- [How to complete this task]: Using the data that follows, state the number of lines holding the word "nuevo", and give no other output.

- [Data shown]:
::::::::

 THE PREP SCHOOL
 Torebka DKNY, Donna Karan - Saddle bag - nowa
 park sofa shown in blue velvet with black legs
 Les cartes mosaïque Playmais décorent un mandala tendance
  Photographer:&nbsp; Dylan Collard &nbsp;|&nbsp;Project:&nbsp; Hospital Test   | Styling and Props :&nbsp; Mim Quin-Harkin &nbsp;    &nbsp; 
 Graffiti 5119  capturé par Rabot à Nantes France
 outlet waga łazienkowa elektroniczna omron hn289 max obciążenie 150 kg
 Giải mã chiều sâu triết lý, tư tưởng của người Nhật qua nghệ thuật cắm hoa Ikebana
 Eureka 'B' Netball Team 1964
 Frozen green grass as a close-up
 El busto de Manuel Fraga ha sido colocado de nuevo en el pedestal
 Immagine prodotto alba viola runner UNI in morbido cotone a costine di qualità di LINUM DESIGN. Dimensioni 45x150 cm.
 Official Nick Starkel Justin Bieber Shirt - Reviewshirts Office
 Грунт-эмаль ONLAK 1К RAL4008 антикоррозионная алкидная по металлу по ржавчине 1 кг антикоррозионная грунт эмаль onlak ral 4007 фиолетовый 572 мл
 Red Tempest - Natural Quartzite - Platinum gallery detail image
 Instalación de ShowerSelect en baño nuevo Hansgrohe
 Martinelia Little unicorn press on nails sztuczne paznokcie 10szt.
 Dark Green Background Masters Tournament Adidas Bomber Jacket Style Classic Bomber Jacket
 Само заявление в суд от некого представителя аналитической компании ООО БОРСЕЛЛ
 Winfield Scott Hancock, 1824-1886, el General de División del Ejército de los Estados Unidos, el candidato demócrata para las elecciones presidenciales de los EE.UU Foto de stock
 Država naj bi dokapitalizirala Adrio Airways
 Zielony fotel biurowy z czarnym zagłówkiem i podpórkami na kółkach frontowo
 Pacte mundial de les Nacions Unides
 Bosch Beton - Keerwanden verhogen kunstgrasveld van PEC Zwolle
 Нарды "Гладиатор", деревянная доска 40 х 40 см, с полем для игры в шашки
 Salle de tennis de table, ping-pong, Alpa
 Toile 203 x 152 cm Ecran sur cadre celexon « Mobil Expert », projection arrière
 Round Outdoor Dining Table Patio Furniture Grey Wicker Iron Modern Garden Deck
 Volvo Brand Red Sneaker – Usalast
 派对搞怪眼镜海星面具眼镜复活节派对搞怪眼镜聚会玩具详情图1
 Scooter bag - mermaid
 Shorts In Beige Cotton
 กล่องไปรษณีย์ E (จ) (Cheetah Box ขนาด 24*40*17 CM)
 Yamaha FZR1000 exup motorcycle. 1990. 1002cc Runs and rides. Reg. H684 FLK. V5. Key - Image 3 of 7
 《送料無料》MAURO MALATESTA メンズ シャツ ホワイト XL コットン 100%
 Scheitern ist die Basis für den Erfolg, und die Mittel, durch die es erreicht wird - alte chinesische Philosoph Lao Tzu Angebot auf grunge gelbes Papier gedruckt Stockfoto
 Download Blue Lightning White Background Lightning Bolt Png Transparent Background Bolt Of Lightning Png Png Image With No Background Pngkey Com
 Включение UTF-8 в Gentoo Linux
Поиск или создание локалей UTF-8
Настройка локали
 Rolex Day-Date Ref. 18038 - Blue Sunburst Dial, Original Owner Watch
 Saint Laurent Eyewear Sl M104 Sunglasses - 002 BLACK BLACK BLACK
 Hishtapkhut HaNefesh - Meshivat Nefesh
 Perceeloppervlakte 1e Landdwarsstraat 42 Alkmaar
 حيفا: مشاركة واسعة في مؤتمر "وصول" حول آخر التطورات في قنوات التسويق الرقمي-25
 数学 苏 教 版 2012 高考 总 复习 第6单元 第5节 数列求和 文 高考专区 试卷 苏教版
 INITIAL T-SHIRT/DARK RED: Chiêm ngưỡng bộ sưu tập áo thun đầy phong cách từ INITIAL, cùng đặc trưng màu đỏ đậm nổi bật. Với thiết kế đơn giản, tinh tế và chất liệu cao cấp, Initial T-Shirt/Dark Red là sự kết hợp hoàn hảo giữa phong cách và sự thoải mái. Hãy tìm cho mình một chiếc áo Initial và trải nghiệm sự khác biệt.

::::::::

- [Answer below]: 2